PerspectiveBy Rob Roper
A goal of Green Mountain Care — the primary goal according to Gov. Peter Shumlin — is to control the total amount of money that Vermonters pay for health care. Back in November, an independent report by Avalere Health concluded that the official estimate of $1.6 billion in new taxes necessary to replace premiums and pay for a single payer healthcare system was too low. The real number is more likely to be in the $1.9 billion to $2.2 billion range.
This is significant because, if the Avalere numbers are correct, adopting Green Mountain Care will not save Vermonters anything. The single payer system would end up costing us even more than the current system, as messed up as the current system is. There’s not a lot of room for error.
However, nobody is discussing a line item that could blow the doors off the total cost of healthcare in Vermont under Green Mountain Care. This is the cost of the supplemental insurance policies that will be necessary to “wrap around” the benefits offered under the single payer system.
Whenever supporters of single payer are challenged about the workability of a such a system, they invariably point to Medicare. Single payer healthcare is really just “Medicare for All.” But in reality, most Medicare recipients require some form of supplemental insurance coverage. According to a Kaiser Family Health report released in April 2013, 88 percent of Medicare recipients had some form of supplemental insurance, either a privately purchased MediGap plan, an employer-based retiree plan, or through Medicaid. The average cost of a MediGap plan in 2010 was $183 per month ($2,196 per year).
To put this in perspective, if Green Mountain Care is truly an “everybody in” policy (excepting 107,000 Vermonters over 65 covered by Medicare), and we apply the Kaiser statistics for supplemental coverage, we’re looking at as much as a billion dollars in additional healthcare expense coming out of Vermonters’ pockets under Green Mountain Care. Even taking into account a younger, healthier demographic needing or desiring less supplemental coverage, we still have to anticipate expenses in the tens to hundreds of millions of dollars. So far, this very large tab appears to be off everyone’s radar.
Who will be expected to pay? Individuals? Businesses? Taxpayers?
Under the Medicare single payer example, 14 percent of users receive supplements through Medicaid and 14 percent through Medicare Advantage. But, under Green Mountain Care, Medicaid will be part of the single payer system, not a supplement to it, and there can be no Medicare Advantage-like program in a system with no private insurance market.
Currently, 25 percent receive supplements through an employee retirement arrangement, but Green Mountain Care beneficiaries are not retired.

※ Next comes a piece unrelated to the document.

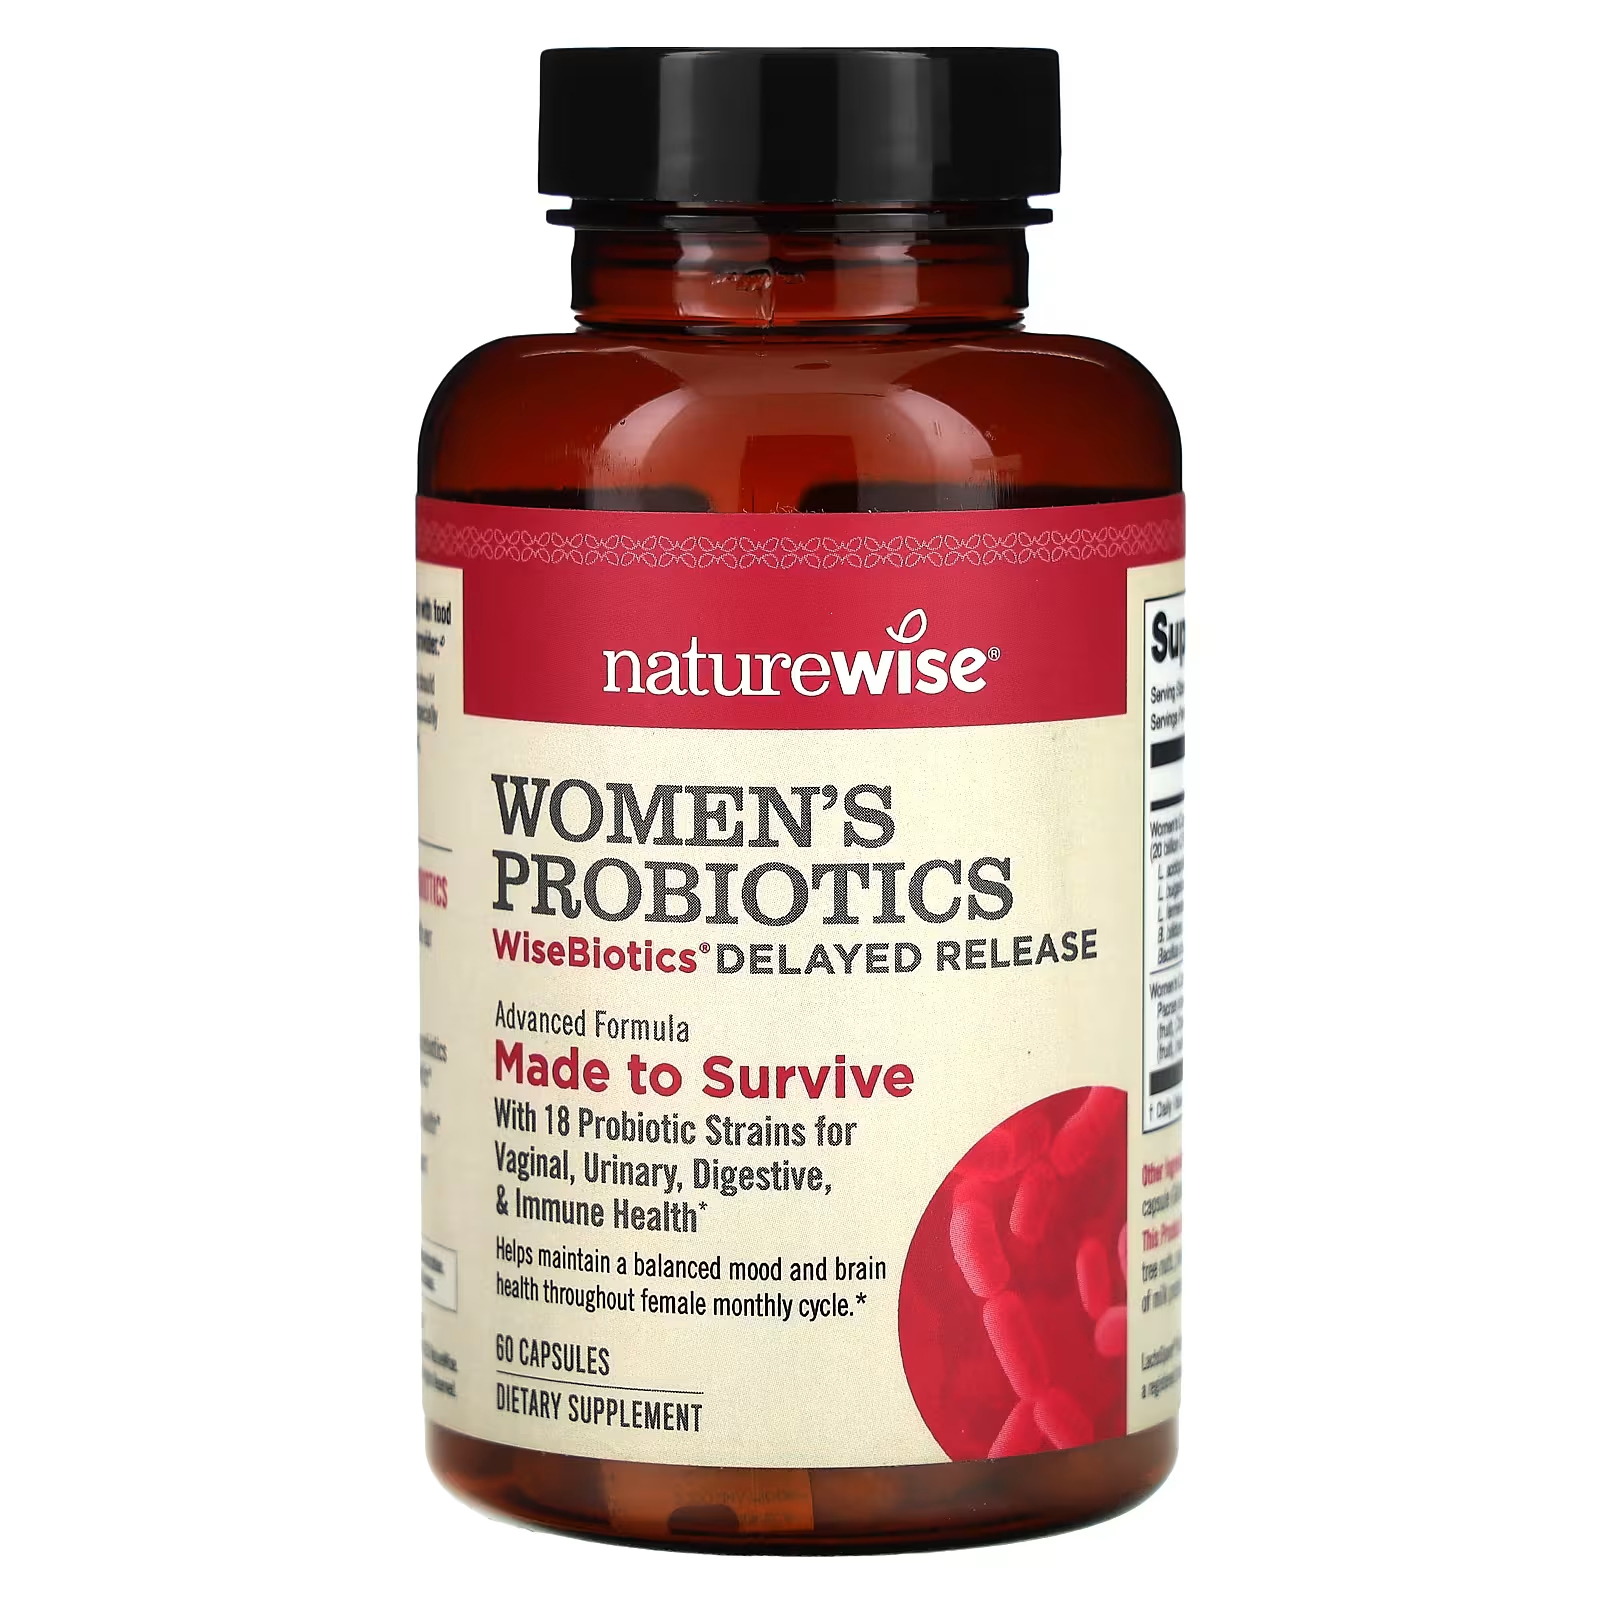 Женские пробиотики WiseBiotics с отсроченным выпуском, 60 капсул NatureWise naturewise maximum care пробиотики с замедленным высвобождением 40 капсул

So, despite the goal of severing the relationship between employment and healthcare, you can expect to see serious pressure on Vermont businesses to supply “wrap around” policies for their employees, particularly if those employees are experiencing a decrease in quality of coverage under Green Mountain Care. Unionized teachers come to mind here.
It’s impossible to know exactly what kind of supplemental policies Vermonters will need under Green Mountain Care or what they will ultimately cost because we don’t know exactly what Green Mountain Care will cover. This is a problem. Will dental and vision care be part of the package? Mental health? Long-term care? Travel outside of Vermont? We need answers to these questions, and the sooner we get them the better.
But there are some things we do know….
Dr. William Hsiao’s 2011 report to the Legislature specifically mentioned the need for “wrap around” policies. Gov. Shumlin and Anya Rader Wallack (then chair of the Green Mountain Care Board) stated categorically that supplemental insurance policies would be allowed under Vermont’s single payer system, so these policies are expected to be a part of the landscape. We also know that Dr. Hsiao warned that a comprehensive benefits package would be unaffordable for the state, hence his recommendation for a “basic” benefits package.
One thing 2013 taught us is that we can’t afford to be surprised by known but unsung aspects of grand healthcare reform plans — like learning too late that we can’t, in fact, keep our plans if we like them, or that our new “affordable” policy will cost us more than the old unaffordable one.
Individuals, employers and taxpayers have a right to know if, in addition to the billions of dollars in new taxes Green Mountain Care will cost us, we will also need to plan for spending even more for supplemental health insurance policies. The only way to find out is to ask hard questions and demand clear answers.
How’s that for a New Year’s resolution?
Rob Roper is president of the Ethan Allen Institute, online at www.ethanallen.org.